# A few questions on space marine power armor



## Cadian81st (Dec 24, 2006)

This is more of a fluff question, not a gaming one; just a heads up.

I am writing a space marine fic, and I need to know a few things about the various marks of armor.

1: The beaky helmets are Mark six right?

2: What mark uses the studded shoulderpads?

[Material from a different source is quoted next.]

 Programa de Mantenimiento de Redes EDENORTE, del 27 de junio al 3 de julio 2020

3: What improvments were made with the mark 8 design? Is it just the throat protector?


----------



## Jacobite (Jan 26, 2007)

Hey man, good to see more people writing, look forward to reading it. I thinking about the very same thing the other day. Went on the net and found that Wiki has got a fair amount on it. So instead of just reguritating the infomation and making me look very smug and smart I'll give you the link... when I can find it.

Ok here it is:

http://en.wikipedia.org/wiki/Equipment_of_the_Imperium_(Warhammer_40,000)

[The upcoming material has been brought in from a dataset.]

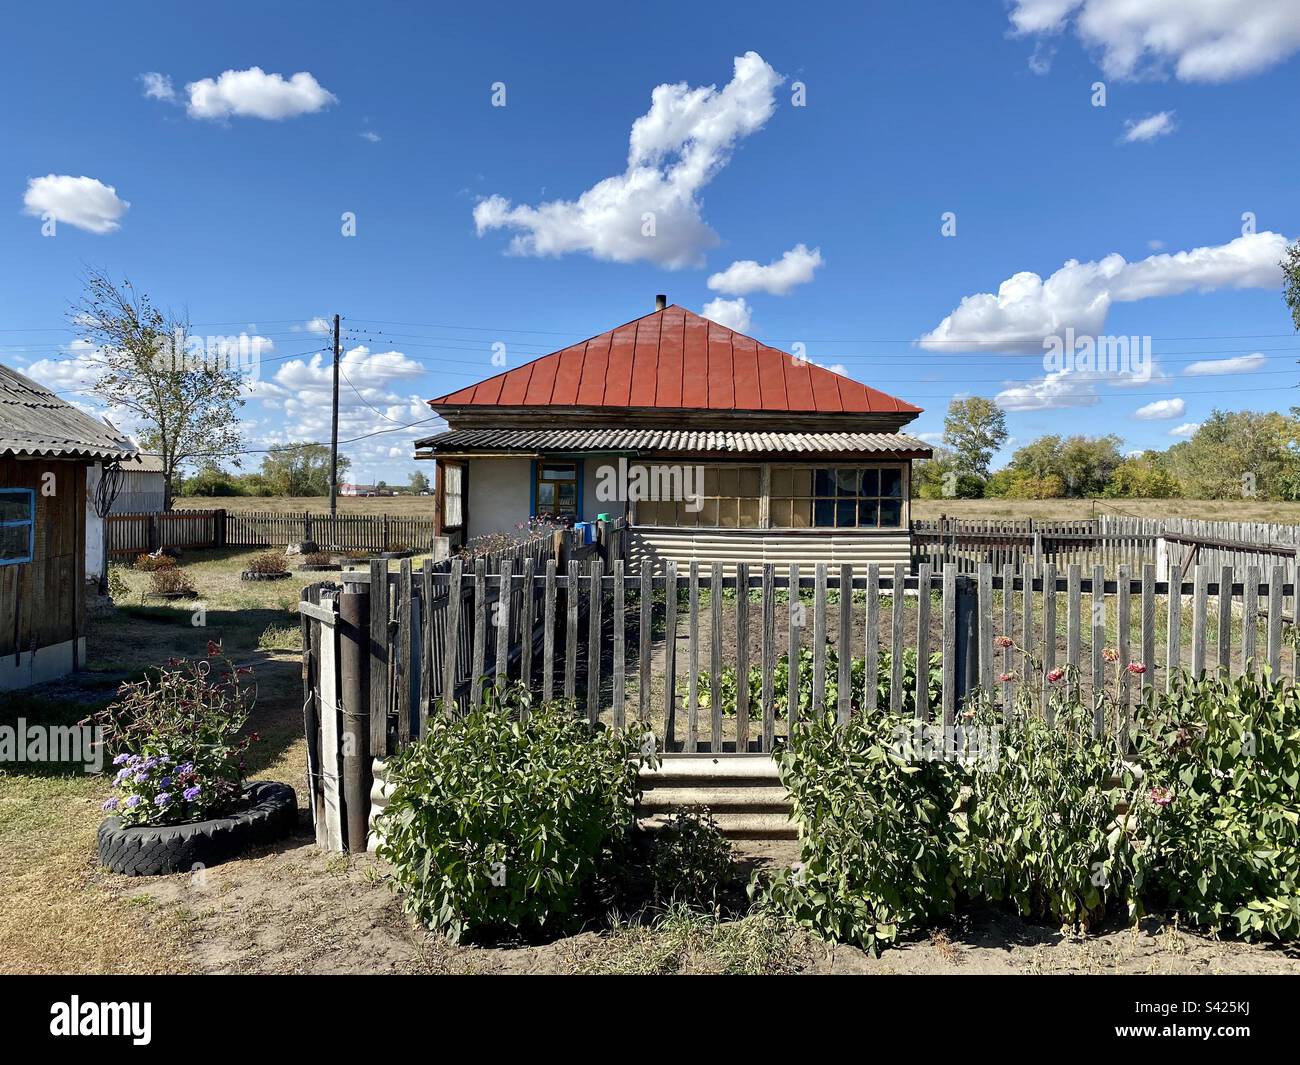 Russische Hütte mit Gemüsegarten hinter dem Zaun von Tieren am Blumenbeet am Nachmittag. Stockfoto

Also, here is one on weapons.

http://en.wikipedia.org/wiki/Weapons_of_the_Imperium_(Warhammer_40,000)

And another I just found on Vechiles, this one isn't as good as it is quiet breif but does cover some older stuff.

http://en.wikipedia.org/wiki/Vehicles_of_the_Imperium_(Warhammer_40,000)

Most of it isn't bad actually, I should add it to the links section. Wiki can be a bit suspect at times but all these seem genuine.

Hope that helps. Good luck with your writing.


----------



## Cadian81st (Dec 24, 2006)

All right! Thanks man, that helps a ton.


----------



## Jacobite (Jan 26, 2007)

No problem, I know from experiance how hard it is to find out things like that.


----------



## Anphicar (Dec 31, 2006)

Mark 5 and mark6 both have studded pads, but mark five also has studded helmets and greaves. mark 6 have the beakies.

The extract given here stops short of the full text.